Spiritual Rebel
Page 11
You know that feeling when you reach the edge of your comfort zone? This was my moment. And judging from the looks on other participant faces, I was not alone. As we timidly approached the paint, our boisterousness was deflated. Tension filled the room. Perhaps old art-class traumas were smacking some of us in the face. Our fearless leader patiently waited, put on some tunes, and hung back, allowing us to work through our fears. As we did, a miraculous site appeared. Jeanette transformed into a colorful parrot, while Steve’s silver hair framed his newly painted white polar bear face. Dark as the night, Elaine’s raven eyes peered at Connie’s round open owl eyes just under her bangs. Wild and thick, Pam’s lion mane framed her smiling face. Next to me, Laura’s fishy face shimmered with beautiful azure and emerald scales. Denise’s otter whiskers twitched as she giggled, holding a rock to her chest (for opening clams, she announced). With courage, I ratted my hair up into a squirrely pile using an absurd amount of bobby pins. In the mirror I caught a reflection, and promptly lost it in laughter as I glimpsed Amy in full Hanuman-inspired monkey regalia, a black yoga strap tied around her waist for a tail. Deciding I was all in, I grabbed the face paint.

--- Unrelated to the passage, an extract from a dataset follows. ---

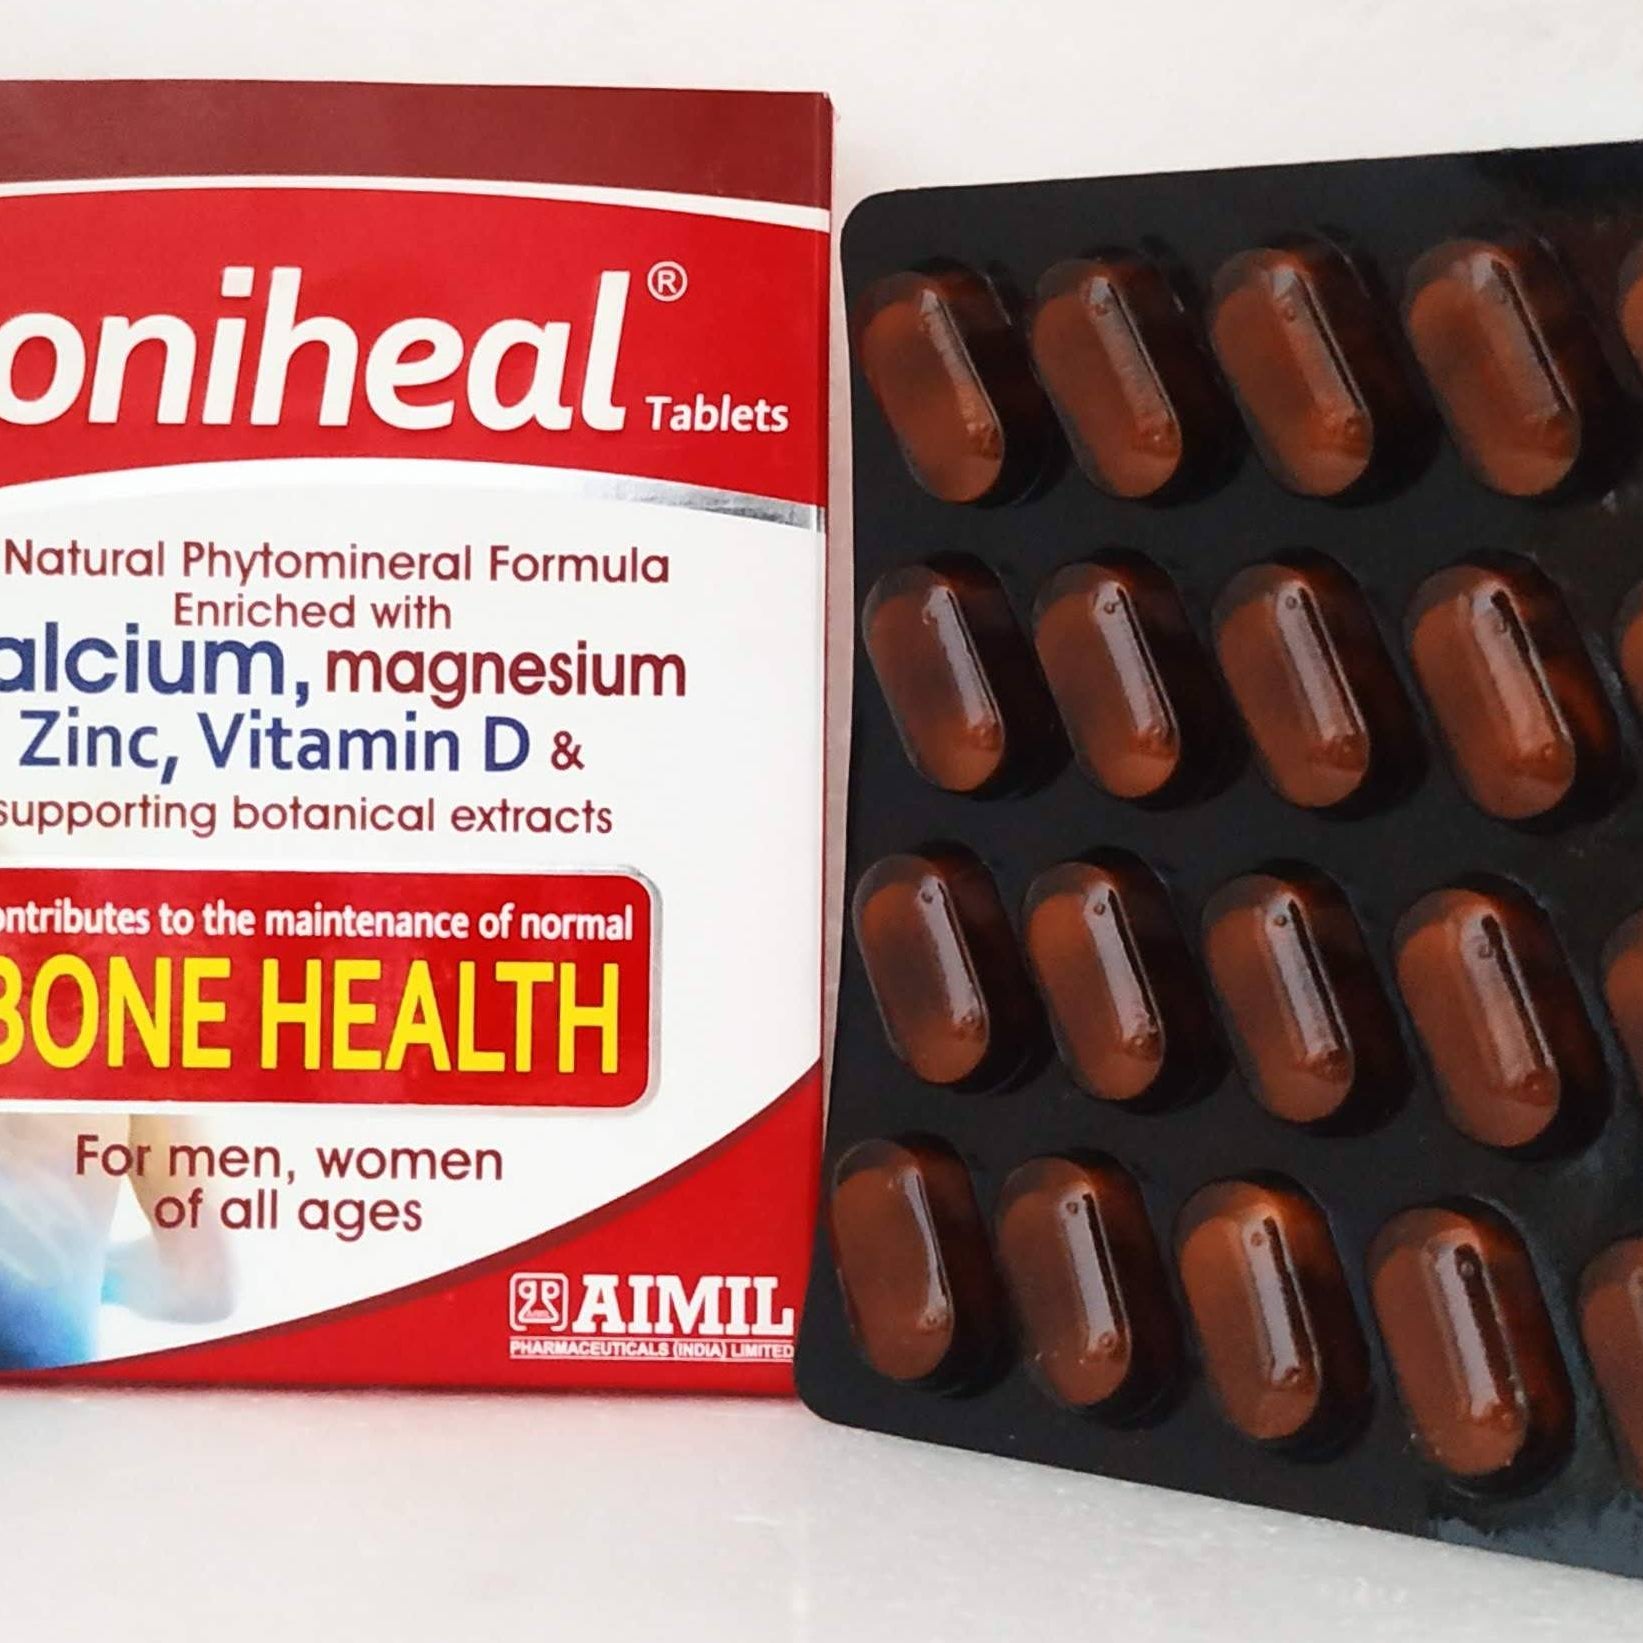 Shop Boniheal Tablets - 20Tablets at price 160.00 from Aimil Online - Ayush Care

No longer out of our comfort zone, our pod banded together to face the public, marching straight up to the dining hall, inspiring confusion in those we passed, as well as a deep love for each other. Months after the retreat, I still pull an animal oracle card every morning for a bit of inspired guidance. (I swear Picasso swims faster in his bowl every time I draw the Fish card.)
As unique beings, we each come to this book with a different history of experiences. So if you were raised on tarot, maybe sweat lodging makes your spiritual bucket list instead. Or Sufi whirling, dream work, or balancing your chakras. The source of our spiritual moments is limitless; we just need to use our intuition to tap in to lower the volume on Station 1, so we can hear what is being whispered to us on Station 2.
HOW IT WORKS
1. Silence your phone, computer, or anything around you that might ring, ding, or vibrate.

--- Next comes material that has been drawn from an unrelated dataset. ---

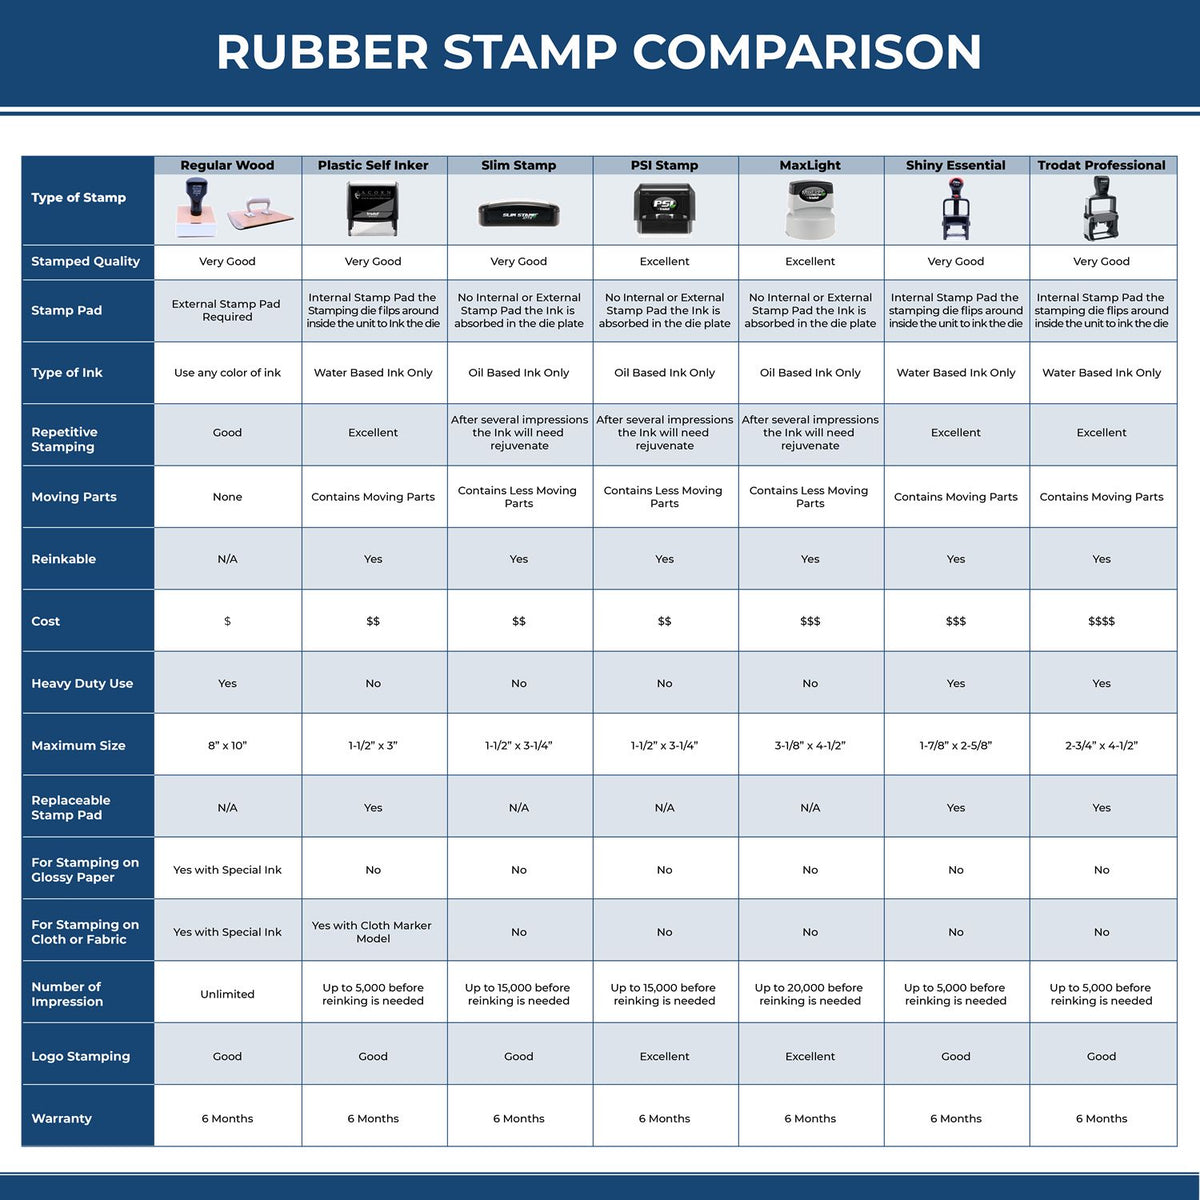 Large Self-Inking Dated Material Open Immediately Stamp 5632S Rubber Stamp Comparison

2. Gently close your eyes.
3. Pay attention to your breath. Notice your belly rising and falling, the movements in your chest. Perhaps add a big cleansing yawn.

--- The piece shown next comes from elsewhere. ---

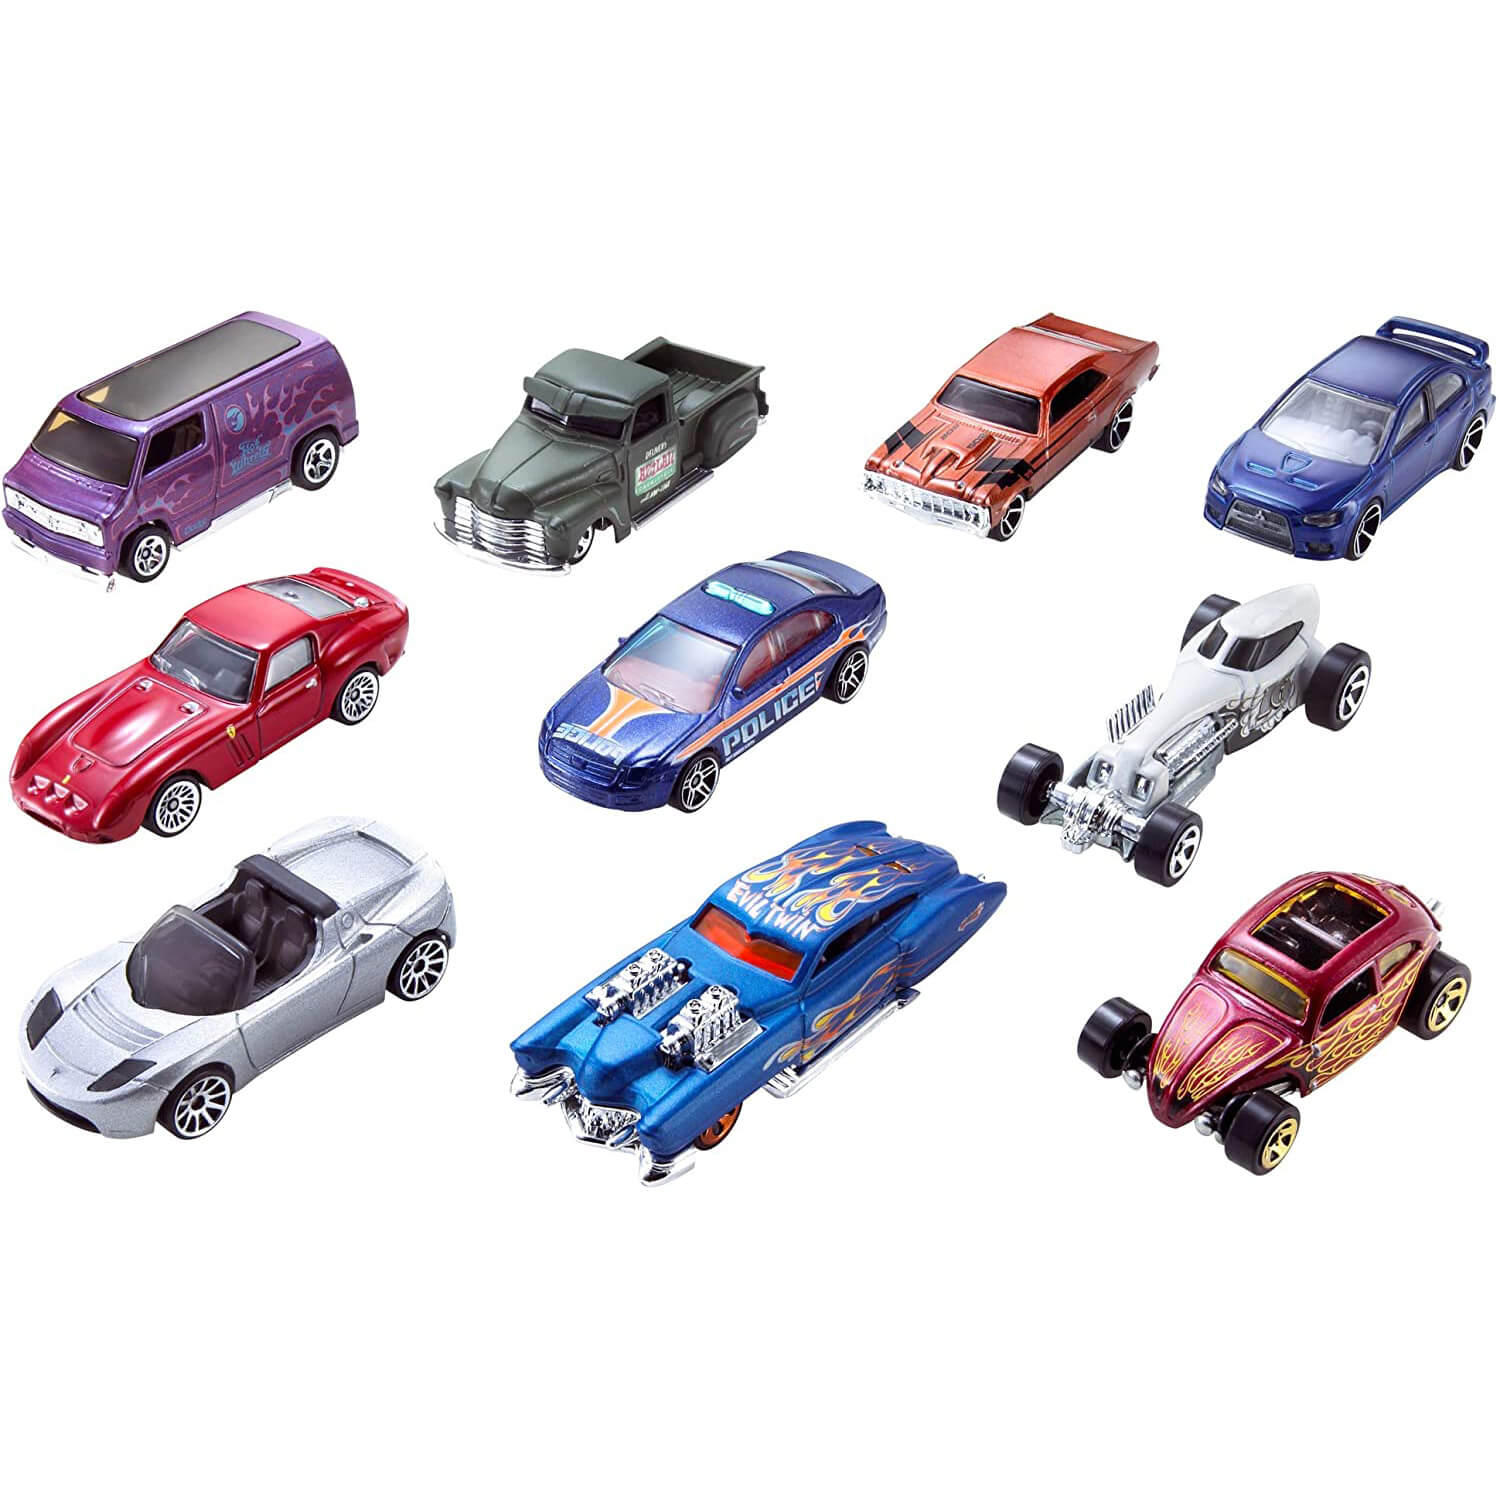 Hot Wheels 1:64 Scale Vehicle (styles may vary)

4. Become aware of your thoughts. Notice which seem to be broadcast by Station 1 (“I have nothing clean to wear.” “I need to pay the electric bill.” “What’s for dinner?”). Visualize a volume control floating to the left of you and turn it down to a murmur.
5. Mentally change stations. Visualize Station 2’s volume control to your right. Increase the volume. Take a few moments to tune in to this channel.
6. Ask yourself the questions below. Record any thoughts on the Reflections & Ahas pages. Alternate between tuning in and reflecting.
• What connects me to my intuition?
• Where do I find guidance?
• What spiritual practices am I curious about?
• How can I make space in my life to tune in on a more regular basis?
7. Explore. Grab your phone or computer and investigate whatever topics or themes popped up. Create a spiritual bucket list of people, places, and things to delve into during the coming months.
REBELLIOUS VARIATIONS
It’s in the cards: Although the Rider-Waite Tarot deck is the standard for card connoisseurs, modern decks span an impressive range of interest areas. From Steven Farmer’s Power Animal Oracle Cards, to Lucy Cavendish’s Japanese-inspired Foxfire: The Kitsune Oracle, to Yehuda Berg’s The Power of Kabbalah Card Deck, there’s an option for intuitive work inspired by most spiritual traditions and religions. After you choose a deck, pull a card (or series of cards) each morning to connect with what’s going on inside you and how to approach your day.
Feel the Force: As Qui-Gon Jinn told Anakin: “Always remember, your focus determines your reality.” In his book Use the Force: A Jedi’s Guide to the Law of the Attraction, Joshua P. Warren offers tips for tapping into metaphysical energy from a spirituality-meets-science-meets-space mindset. In his Take Five visualization exercise, Warren suggests setting aside five minutes each evening to envision exactly what you want to occur. Write down the description using as much detail as possible with a positive focus. For example, “I am fortunate that my body heals more every day.”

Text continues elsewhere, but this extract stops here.